# [Material to process]
————
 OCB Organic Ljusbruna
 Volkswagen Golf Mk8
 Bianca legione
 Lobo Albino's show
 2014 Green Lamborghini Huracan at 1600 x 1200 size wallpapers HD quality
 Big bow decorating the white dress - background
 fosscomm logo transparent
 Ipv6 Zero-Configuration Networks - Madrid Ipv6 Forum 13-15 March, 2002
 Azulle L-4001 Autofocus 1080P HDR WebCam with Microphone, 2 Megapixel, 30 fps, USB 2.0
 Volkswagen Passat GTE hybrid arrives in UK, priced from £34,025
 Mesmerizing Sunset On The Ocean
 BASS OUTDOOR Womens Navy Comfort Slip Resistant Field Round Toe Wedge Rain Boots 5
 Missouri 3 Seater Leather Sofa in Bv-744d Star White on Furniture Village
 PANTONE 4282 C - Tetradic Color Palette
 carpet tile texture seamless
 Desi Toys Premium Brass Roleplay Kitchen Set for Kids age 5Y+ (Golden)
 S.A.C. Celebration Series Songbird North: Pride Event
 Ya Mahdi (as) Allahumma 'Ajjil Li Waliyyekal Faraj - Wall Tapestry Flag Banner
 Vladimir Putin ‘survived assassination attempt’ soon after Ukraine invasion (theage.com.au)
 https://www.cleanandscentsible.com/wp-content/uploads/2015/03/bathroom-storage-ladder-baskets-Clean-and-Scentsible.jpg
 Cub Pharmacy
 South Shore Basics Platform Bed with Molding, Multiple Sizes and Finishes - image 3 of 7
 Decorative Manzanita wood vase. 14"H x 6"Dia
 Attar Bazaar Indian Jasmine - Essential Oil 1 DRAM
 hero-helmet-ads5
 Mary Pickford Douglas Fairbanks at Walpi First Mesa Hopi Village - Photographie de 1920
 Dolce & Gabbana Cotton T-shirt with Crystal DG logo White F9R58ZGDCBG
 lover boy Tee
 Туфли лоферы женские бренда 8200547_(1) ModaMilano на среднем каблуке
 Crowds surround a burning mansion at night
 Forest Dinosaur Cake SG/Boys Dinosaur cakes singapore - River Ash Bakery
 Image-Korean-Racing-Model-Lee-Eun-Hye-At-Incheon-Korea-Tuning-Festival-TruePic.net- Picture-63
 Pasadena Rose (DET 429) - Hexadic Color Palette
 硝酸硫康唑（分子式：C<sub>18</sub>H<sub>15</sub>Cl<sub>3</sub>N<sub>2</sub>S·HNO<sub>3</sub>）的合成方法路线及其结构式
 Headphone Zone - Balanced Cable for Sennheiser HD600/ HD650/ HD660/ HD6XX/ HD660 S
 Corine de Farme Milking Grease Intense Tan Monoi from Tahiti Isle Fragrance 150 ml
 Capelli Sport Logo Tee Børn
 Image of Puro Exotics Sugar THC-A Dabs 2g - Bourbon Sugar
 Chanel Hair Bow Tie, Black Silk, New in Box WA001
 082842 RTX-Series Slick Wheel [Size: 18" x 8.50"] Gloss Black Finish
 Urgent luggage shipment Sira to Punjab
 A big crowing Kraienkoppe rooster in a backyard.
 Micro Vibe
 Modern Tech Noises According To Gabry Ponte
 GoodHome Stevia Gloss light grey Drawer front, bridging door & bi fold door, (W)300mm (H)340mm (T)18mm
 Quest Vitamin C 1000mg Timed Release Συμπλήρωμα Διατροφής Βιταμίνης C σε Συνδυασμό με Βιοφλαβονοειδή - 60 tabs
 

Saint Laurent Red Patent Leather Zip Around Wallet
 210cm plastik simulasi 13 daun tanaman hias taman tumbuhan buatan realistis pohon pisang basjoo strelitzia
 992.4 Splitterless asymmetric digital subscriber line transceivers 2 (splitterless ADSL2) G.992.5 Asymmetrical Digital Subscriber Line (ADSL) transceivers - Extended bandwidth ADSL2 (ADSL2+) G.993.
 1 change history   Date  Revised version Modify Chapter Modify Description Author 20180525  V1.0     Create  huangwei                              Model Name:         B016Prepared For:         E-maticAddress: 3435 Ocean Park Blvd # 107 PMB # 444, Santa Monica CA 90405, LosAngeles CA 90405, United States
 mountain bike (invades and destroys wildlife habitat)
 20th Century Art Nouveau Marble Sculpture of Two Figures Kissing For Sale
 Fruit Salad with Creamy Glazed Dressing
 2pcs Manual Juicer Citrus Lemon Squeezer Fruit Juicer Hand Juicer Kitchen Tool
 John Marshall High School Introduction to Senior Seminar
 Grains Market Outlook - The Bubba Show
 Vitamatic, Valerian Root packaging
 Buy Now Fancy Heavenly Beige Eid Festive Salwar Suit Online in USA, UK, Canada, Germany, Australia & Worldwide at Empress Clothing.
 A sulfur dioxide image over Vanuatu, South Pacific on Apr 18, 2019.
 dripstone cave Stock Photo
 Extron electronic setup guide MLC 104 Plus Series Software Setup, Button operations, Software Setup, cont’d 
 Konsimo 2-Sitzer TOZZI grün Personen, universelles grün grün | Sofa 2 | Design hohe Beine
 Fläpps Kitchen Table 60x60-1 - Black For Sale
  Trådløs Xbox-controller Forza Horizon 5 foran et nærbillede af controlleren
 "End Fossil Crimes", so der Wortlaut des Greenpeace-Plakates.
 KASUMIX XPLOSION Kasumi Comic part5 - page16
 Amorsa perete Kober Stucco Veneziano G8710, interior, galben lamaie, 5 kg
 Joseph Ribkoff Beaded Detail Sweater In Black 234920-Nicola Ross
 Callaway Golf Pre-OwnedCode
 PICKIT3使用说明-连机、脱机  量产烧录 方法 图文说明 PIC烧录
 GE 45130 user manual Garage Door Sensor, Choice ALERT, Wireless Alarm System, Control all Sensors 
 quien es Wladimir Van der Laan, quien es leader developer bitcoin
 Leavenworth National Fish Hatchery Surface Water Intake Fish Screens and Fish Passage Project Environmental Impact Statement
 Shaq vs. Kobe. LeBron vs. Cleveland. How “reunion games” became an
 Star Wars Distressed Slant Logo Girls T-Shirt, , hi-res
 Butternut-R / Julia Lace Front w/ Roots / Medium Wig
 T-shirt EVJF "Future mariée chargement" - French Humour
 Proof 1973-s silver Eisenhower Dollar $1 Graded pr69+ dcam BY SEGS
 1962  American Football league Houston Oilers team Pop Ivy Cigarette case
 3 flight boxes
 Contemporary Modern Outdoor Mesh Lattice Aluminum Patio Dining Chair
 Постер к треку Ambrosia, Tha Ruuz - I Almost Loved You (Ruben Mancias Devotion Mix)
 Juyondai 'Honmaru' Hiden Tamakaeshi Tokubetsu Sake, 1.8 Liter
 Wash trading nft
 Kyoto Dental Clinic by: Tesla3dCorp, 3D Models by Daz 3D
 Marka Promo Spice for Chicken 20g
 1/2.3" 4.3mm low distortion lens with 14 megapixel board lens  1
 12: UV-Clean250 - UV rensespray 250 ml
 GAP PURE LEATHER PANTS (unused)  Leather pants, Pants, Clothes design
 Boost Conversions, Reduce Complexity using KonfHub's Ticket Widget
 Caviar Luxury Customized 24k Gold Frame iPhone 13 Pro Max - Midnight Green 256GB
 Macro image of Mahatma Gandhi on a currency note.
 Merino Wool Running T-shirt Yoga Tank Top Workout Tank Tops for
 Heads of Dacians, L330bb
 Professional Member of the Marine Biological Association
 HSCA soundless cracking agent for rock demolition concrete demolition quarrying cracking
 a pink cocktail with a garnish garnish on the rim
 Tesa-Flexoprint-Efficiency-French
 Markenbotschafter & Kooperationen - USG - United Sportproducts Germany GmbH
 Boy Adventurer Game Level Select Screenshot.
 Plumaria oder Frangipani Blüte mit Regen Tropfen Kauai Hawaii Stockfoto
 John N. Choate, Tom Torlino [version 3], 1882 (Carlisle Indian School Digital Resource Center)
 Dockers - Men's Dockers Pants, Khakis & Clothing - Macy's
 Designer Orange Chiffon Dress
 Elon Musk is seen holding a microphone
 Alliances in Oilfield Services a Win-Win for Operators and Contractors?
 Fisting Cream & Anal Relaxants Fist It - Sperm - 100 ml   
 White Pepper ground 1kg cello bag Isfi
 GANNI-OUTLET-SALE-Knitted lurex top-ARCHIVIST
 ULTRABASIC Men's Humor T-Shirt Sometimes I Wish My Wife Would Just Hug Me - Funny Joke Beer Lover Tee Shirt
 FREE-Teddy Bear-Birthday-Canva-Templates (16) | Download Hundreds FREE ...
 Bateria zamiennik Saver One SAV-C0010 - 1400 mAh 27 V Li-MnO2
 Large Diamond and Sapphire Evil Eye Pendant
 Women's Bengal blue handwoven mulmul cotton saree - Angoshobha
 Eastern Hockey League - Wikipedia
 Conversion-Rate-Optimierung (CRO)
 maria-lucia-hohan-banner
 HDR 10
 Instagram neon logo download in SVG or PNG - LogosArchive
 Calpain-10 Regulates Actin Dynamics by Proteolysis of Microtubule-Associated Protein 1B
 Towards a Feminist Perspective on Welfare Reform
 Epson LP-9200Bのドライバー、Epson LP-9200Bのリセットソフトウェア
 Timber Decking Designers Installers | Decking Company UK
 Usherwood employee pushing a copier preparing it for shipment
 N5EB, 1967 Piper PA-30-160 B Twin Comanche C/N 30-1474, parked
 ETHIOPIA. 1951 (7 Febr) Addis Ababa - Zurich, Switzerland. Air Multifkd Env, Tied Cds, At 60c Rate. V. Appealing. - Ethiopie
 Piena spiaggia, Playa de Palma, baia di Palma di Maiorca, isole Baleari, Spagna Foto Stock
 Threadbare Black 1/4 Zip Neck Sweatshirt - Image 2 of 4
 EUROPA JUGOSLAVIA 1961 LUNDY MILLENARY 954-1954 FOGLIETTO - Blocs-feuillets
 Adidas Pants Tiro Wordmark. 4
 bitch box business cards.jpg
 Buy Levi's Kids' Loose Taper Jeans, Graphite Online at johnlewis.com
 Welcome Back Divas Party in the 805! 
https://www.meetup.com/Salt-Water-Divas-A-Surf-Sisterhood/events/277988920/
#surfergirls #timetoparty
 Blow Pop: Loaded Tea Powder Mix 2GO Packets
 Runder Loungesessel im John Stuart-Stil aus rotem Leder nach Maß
————
# [Assigned task]
Your task is to transcribe, with no changes, only the lines of the listing above that lie between the line holding "John Marshall High" and the line holding "dripstone cave Stock Photo", inclusive.

# [Response to this exercise]
 John Marshall High School Introduction to Senior Seminar
 Grains Market Outlook - The Bubba Show
 Vitamatic, Valerian Root packaging
 Buy Now Fancy Heavenly Beige Eid Festive Salwar Suit Online in USA, UK, Canada, Germany, Australia & Worldwide at Empress Clothing.
 A sulfur dioxide image over Vanuatu, South Pacific on Apr 18, 2019.
 dripstone cave Stock Photo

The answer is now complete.